# Evidence Methodology

This document defines how `a11y-shiftleft-cli` should collect and report
evidence for finding quality, developer trust, and review effort.

The project does not claim complete accessibility conformance. Automated scans
are evidence for risk detection and remediation tracking, not a replacement for
manual review.

## Finding Types

Reports separate three kinds of evidence:

| Type | Meaning |
|---|---|
| `wcag` | The rule is mapped to one or more WCAG success criteria. |
| `best-practice` | The scanner identifies useful guidance without claiming a WCAG failure. |
| `unmapped` | The finding needs review because no supported standards mapping is available. |

For example, axe maps `color-contrast` to WCAG 1.4.3. Axe tags
`heading-order`, `region`, and `page-has-heading-one` as best-practice rules,
so the reports must not present those findings as confirmed WCAG violations.

## Likely Root Causes

One shared component can produce the same finding on several routes.
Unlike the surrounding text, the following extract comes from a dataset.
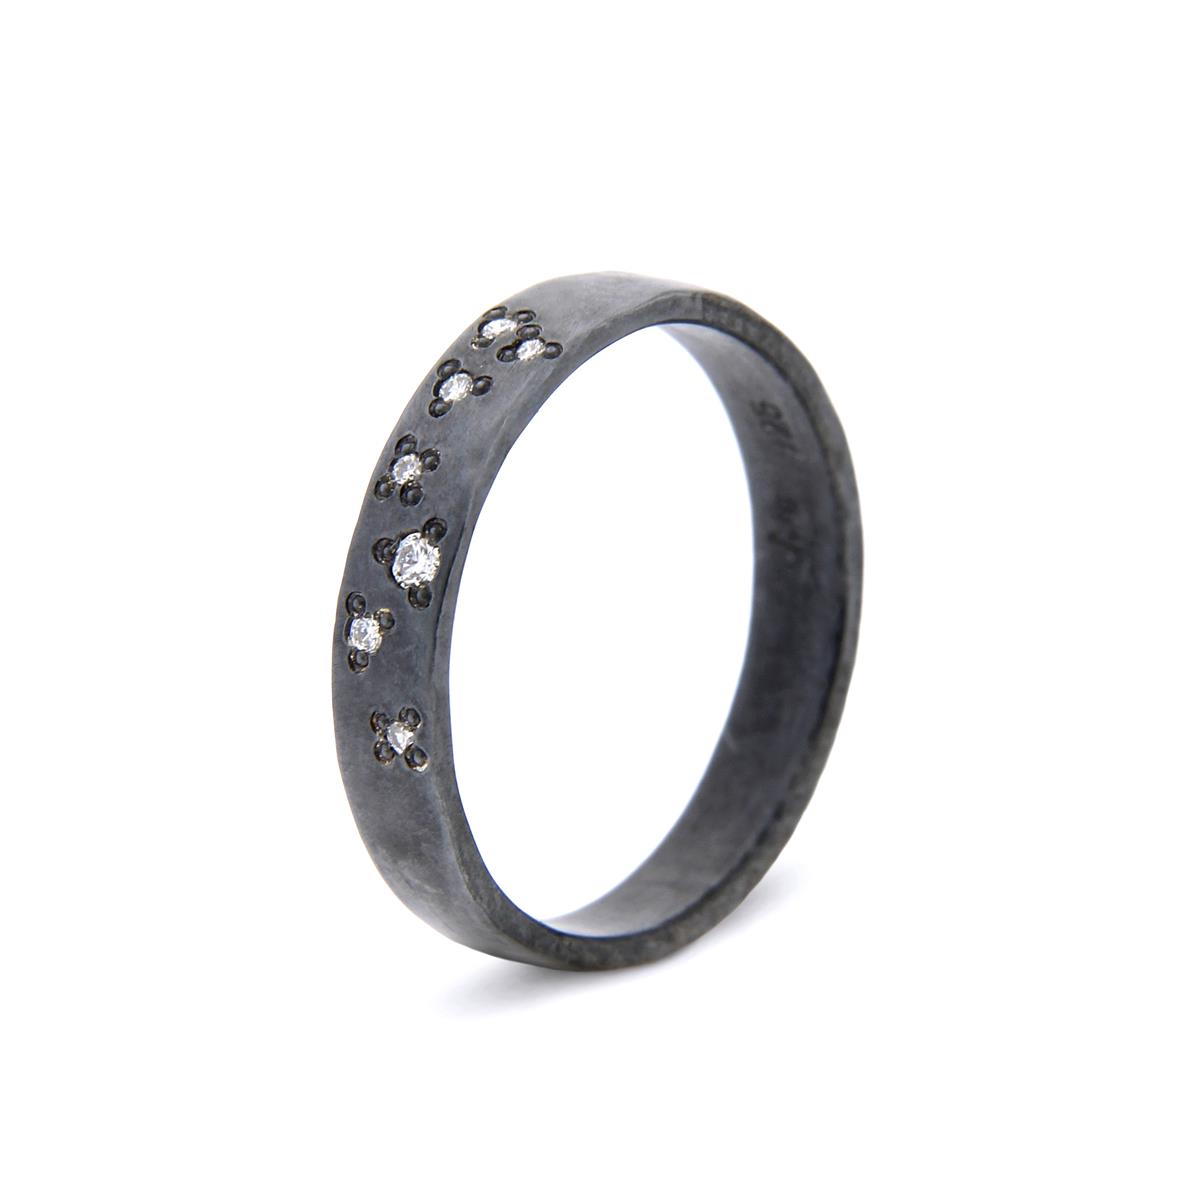 Katie g. Jewellery - Knuckle Ring Wide - sterling silber oxidiert mit stargazing brillanten - Ring um 60€ und pro Brillant 70€ - Brillant Anzahl und Position kann vom Kunden bestimmt werden

Reports
group matching rule and target patterns into likely root causes while retaining
every original occurrence. For example, five contrast findings on the same
active-navigation class may represent one design-token fix across five pages.

This grouping is deterministic but heuristic. It estimates remediation units;
it does not prove that two DOM nodes share the same source implementation.

## Why Confidence Exists

Severity and confidence answer different questions:

| Field | Question | Example |
|---|---|---|
| `severity` | How risky is the issue if it is real? | Missing button name can block screen reader users. |
| `confidence` | How strong is the tooling evidence? | axe found a concrete DOM node and mapped it to WCAG. |

This lets teams triage in a healthier order:

1. High-confidence critical findings.
2. High-confidence warnings.
3. Medium-confidence findings that need source review.
4. Low-confidence findings and adapter health issues.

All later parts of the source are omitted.